I tend to think 'gross conceptual error'. Methinks there is simple capacity. And then there is flow rate, in which the capacity is 'flowed'.

Adding all the loader cylinders, etc. is large increase in 'simple capacity' - the simple amount of fluid IN the system.

You need to maintain pressure - and that is done by flowing ADEQUATE fluid through the parts in play.

There are valving changes that are often required when people have a simple hydro tractor, and want to add hydraulic lift, or power steering, or both. the Sundstrand will do those; but only with the valving changes on the pump itself.

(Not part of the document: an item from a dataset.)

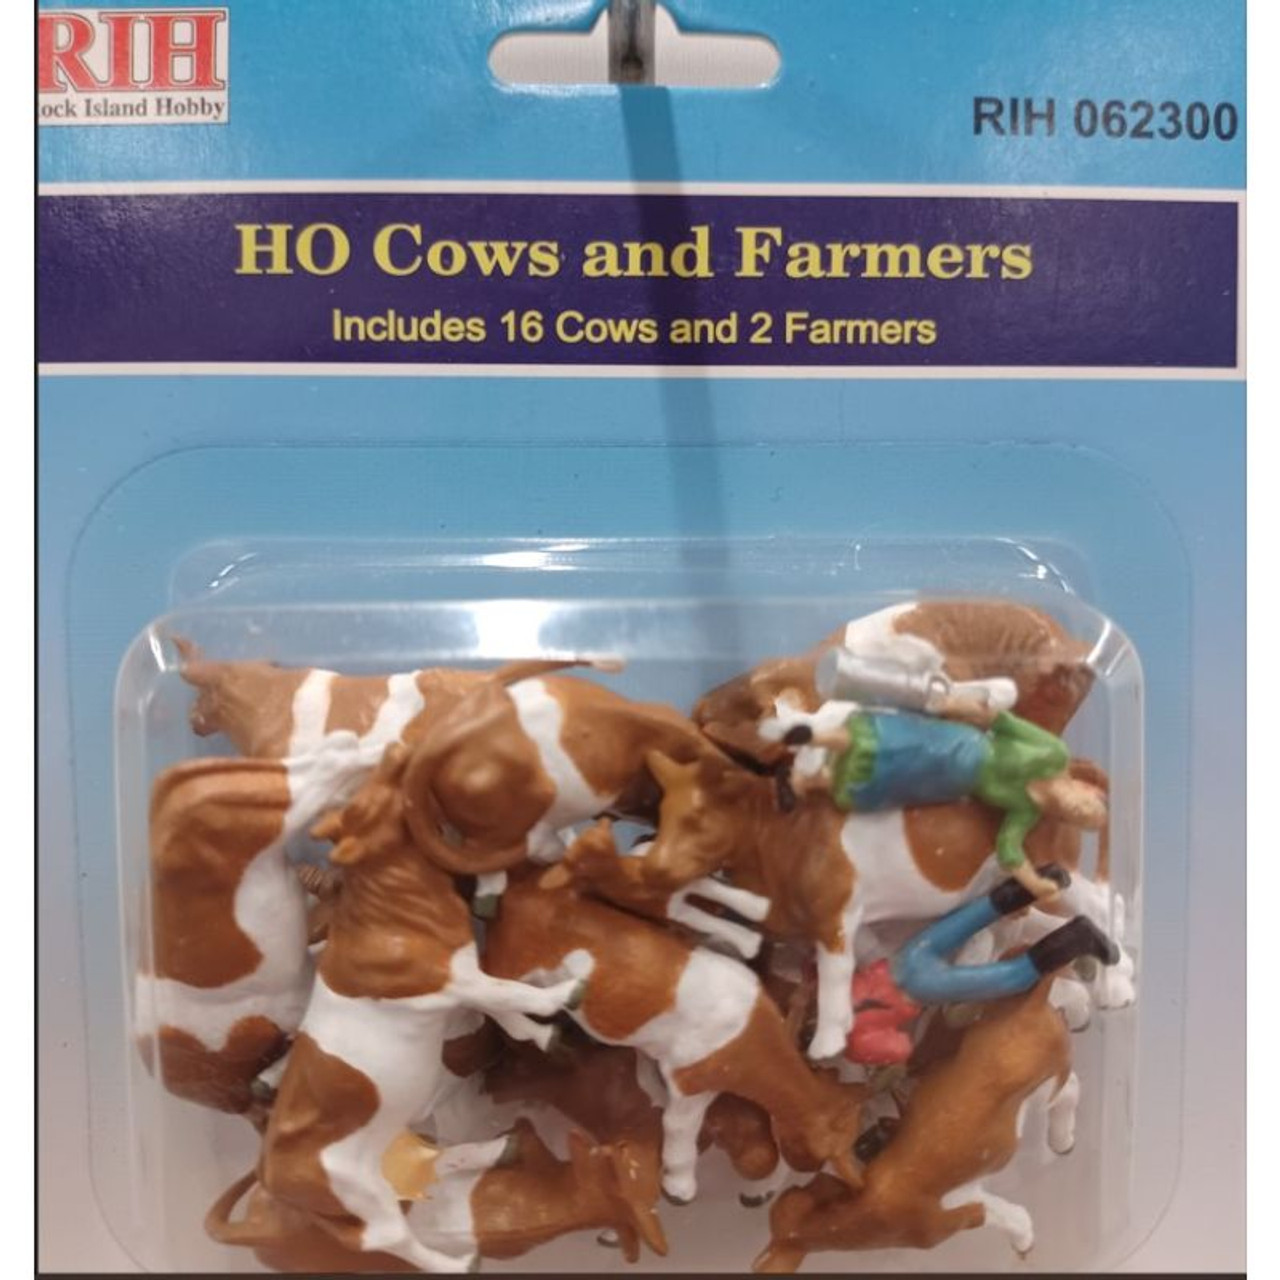 Rock Island Hobby 062300 - Cows and Farmers - Painted (16 cows, 2 farmers)  - HO Scale

so, I daresay, that the 3 different figures you displayed, are about those valving changes.

But beyond that you should be calculating flow adequate to maintain the system - which is about maintaining pressure - not the capacity of the system. You could add a fluid tank, and still the same. The flow has to keep up.

this is very interesting. I could be totally 'out to lunch' - never mind 'gross conceptual error'. But I have wanted a loader forever; and I read these crazy threads on hydro, etc. I think it's great that there is a possibility that the simple Sundtrand 15 could maybe pull this off.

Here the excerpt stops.